Juliet Anne Vickery is a British ecologist and CEO at the British Trust for Ornithology. Her research focusses on understanding the drivers of declines in farmland and migrant birds. She was president of the British Ornithologists' Union between 2019 and 2023.

== Education and career ==
Vickery undertook her undergraduate degree and D.Phil. at the University of Oxford, graduating in 1989. After a D.Phil. on the impacts of acid rain on white-throated dippers, she undertook postdoctoral research at the University of East Anglia working with Prof William Sutherland on brent geese.

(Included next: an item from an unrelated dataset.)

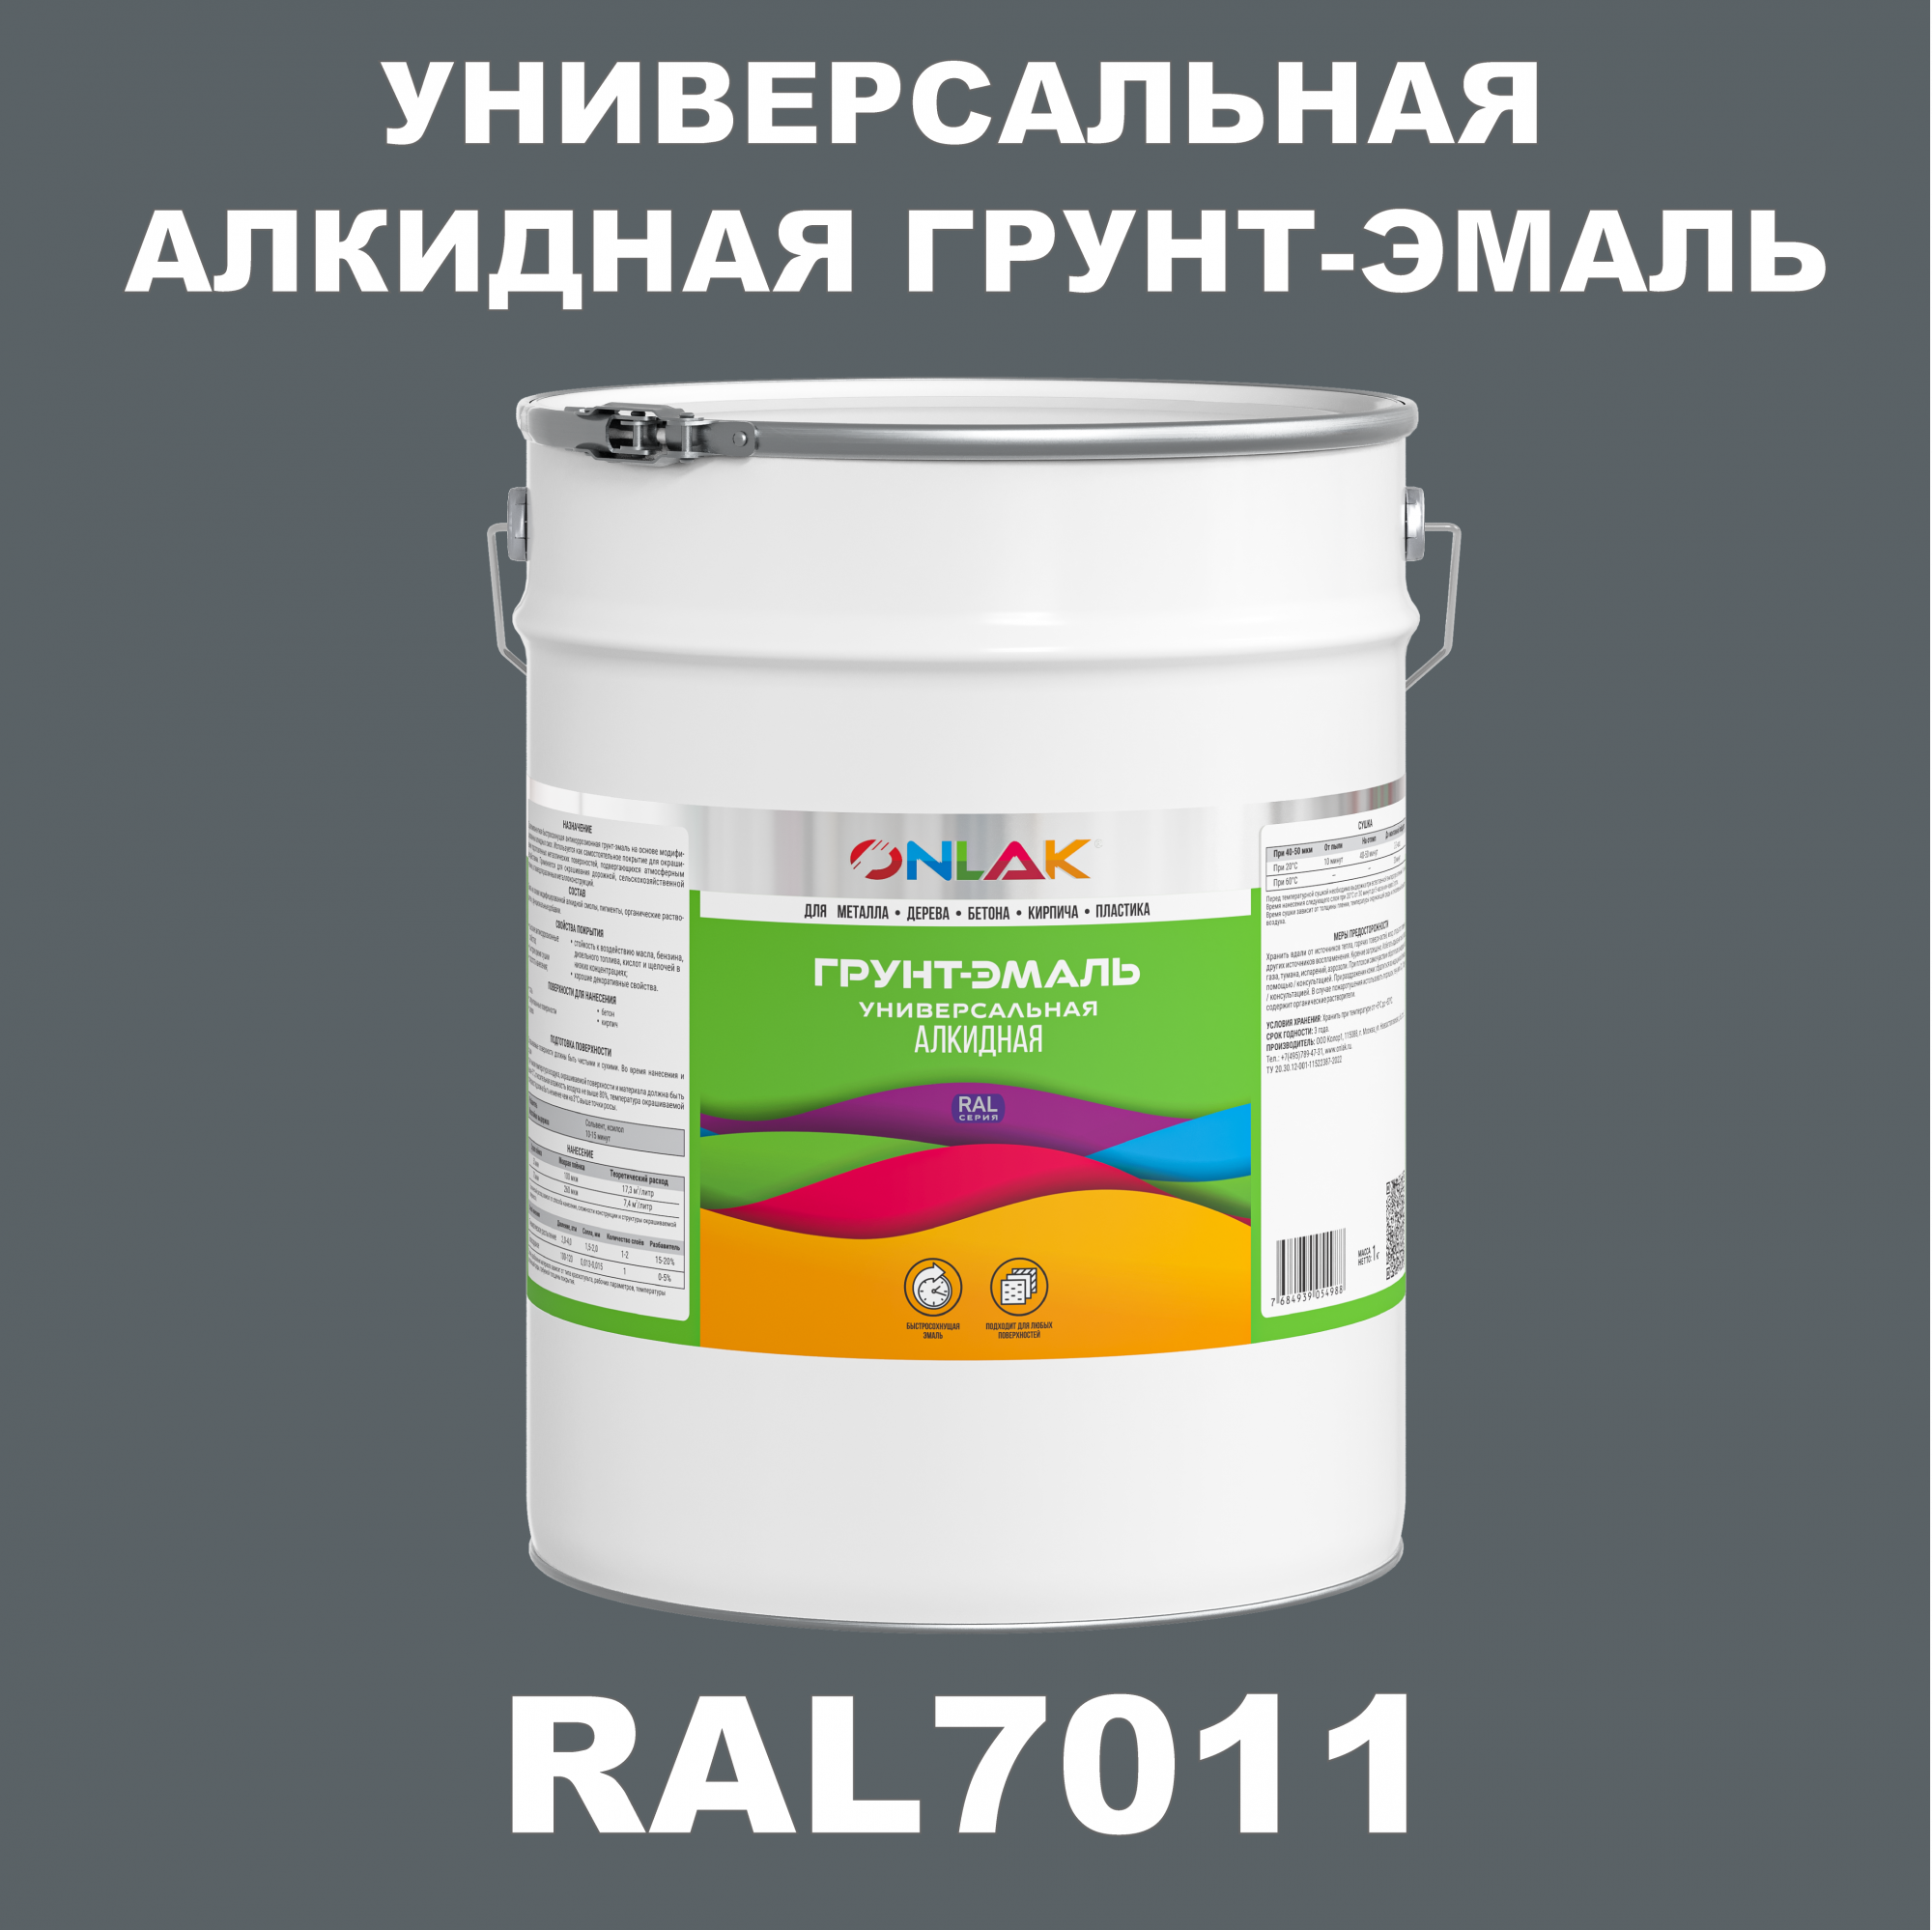 Грунт-эмаль ONLAK 1К RAL7011 антикоррозионная алкидная по металлу по ржавчине 20 кг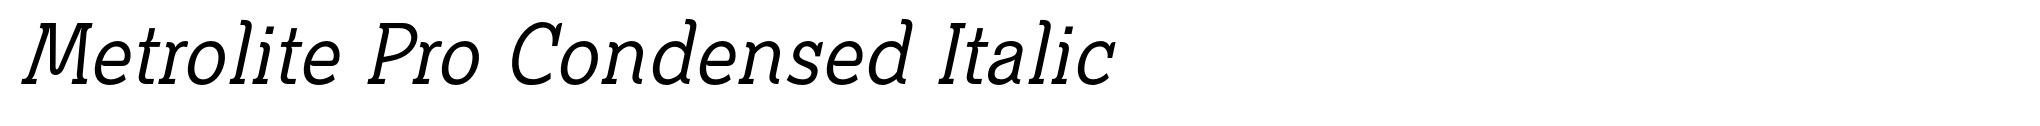 Metrolite Pro Condensed Italic image

After a brief spell working for Scottish Natural Heritage, Vickery moved to the University of Edinburgh to take up a lecturer position where she found securing funding for applied research difficult. The challenge of undertaking applied conservation research in an academic setting led to Vickery's move from Edinburgh to become the head of the terrestrial ecology unit at the British Trust for Ornithology.

After 10 years with the BTO, Vickery moved to the Royal Society for the Protection of Birds as Head of International Conservation Science. Her work at RSPB involved leading scientific teams focused on the conservation of globally threatened species and habitats, particularly in West Africa and the UK's Overseas Territories. Her research on declines in migrant birds has had widespread policy impact. Following 11 years at the RSPB she returned to the British Trust for Ornithology in 2020 as chief executive officer.

Alongside her full-time work, Vickery has held a number of additional roles. With the British Ornithologists' Union she was Chair of the Equality and Diversity Committee, vice-president and then elected President (2019–2023). She served on the Darwin Initiative Expert Committee for six years and chaired the Policy Committee of the British Ecological Society for nine years.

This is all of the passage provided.